Erika I. Ritchie, The Orange County Register on

Published in Science & Technology News

Nancy Caruso sat on an island in the North Pacific Ocean just inches from an albatross and watched as the large black-and-white sea bird with a 12-foot wingspan added grass to its nest to cover up a precious 4-inch white egg.

Each year, albatross pairs – mated for life unless a partner dies – typically have just one egg. The eggs incubate for 60 days and crack open in the fourth week of January. From then, the chicks spend six months on the islands of the Midway Atoll, growing and learning to fly.

The massive seabirds spend their lives on their wings, soaring up to 500 miles a day and cruising at 80 mph with barely a flap, so developing flight skills are critical to survival. They are known to travel incredible distances without rest and are rarely spotted.

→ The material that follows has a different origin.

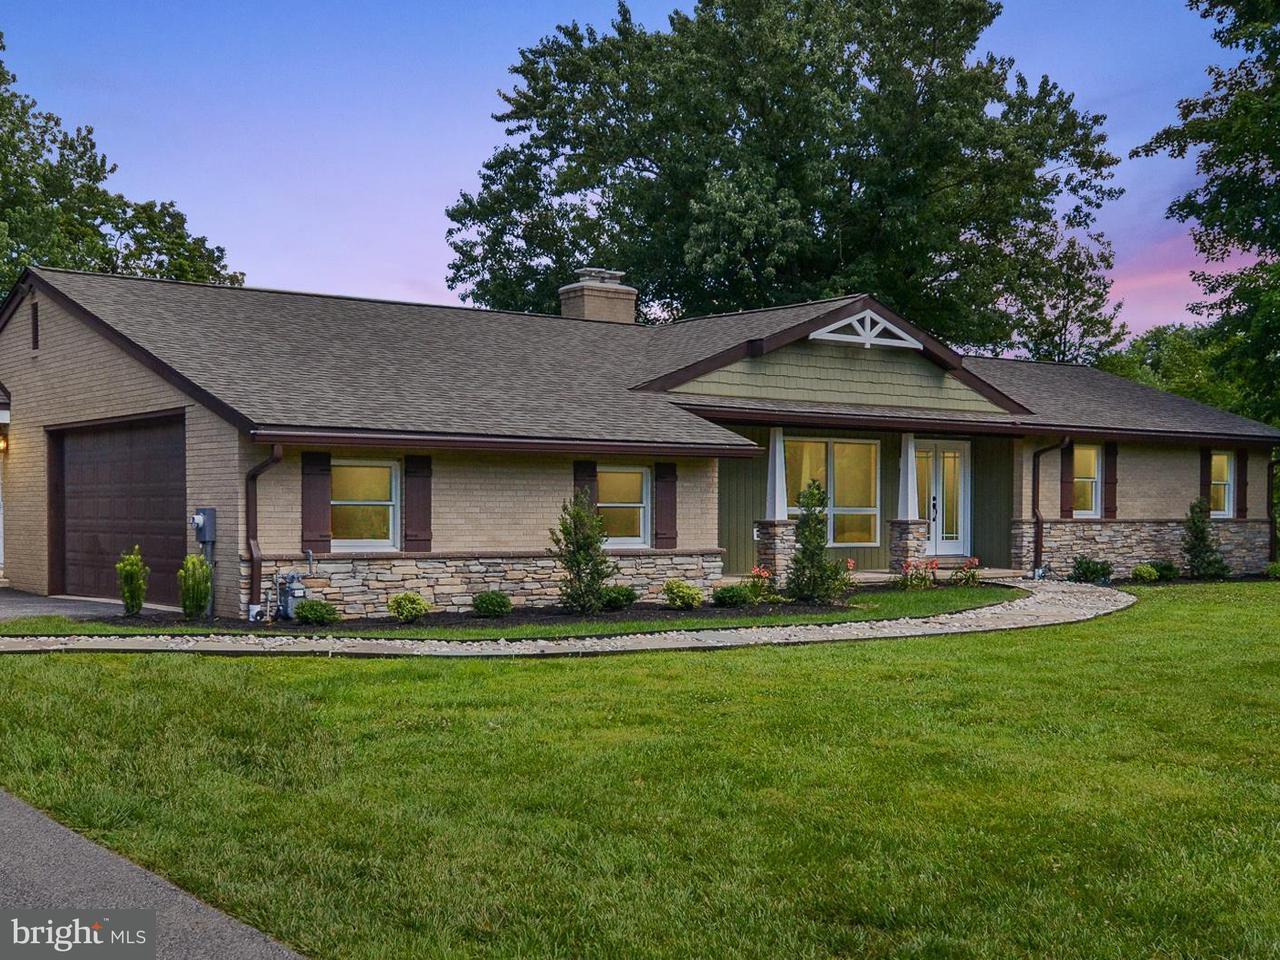 独户住宅 为 销售 在 12421 MANOR Road 12421 MANOR Road Glen Arm, 马里兰州 21057 美国

So seeing the birds close up and “being part of their tribe” was a once-in-a-lifetime experience for the Orange County marine biologist who usually spends her time researching marine life closer to home off the Southern California coast and educating local students. Caruso, of Cypress, was part of a team of 12 citizen scientists who recently spent six days a week for three weeks counting albatross nests on the Midway Atoll.

Just back from the monthlong trip, Caruso has been sharing what she learned with students at local middle schools. The lesson includes fascinating tidbits about the albatross, but also how plastic pollution and entanglements from fishing lines, hooks, and nets are a real threat to the birds. She also tries to inspire students to think about volunteering as citizen scientists – much of her research is done with the help of hundreds of volunteers.

“I was handing them pieces of grass,” Caruso said of her recent experience as one of a dozen volunteers helping United States Fish and Wildlife officials with their annual albatross nest count on the U.S. territory island. The atoll is home to at least 70% of the albatross population and is known for its use during World War II and the battle that secured it for the U.S.

 

“They’d go about their business preening and they’d talk to their egg,” Caruso said. “I’d sit and watch them do their dances. There aren’t many places in the world where you can be among them.”

Counting albatross annually

The wildlife department – along with the Friends of Midway Atoll – have kept track of the elusive seabirds since 1991 after the U.S. Department of the Interior took over monitoring the atoll’s islands from the Department of Defense when a Navy base was shuttered and the islands became a marine sanctuary and national historical monument.

The count starts in December and must be completed in 21 days by the Nesting Albatross Census Team, which tracks two species of seabirds on the island: the black-footed albatross and the Laysan albatross.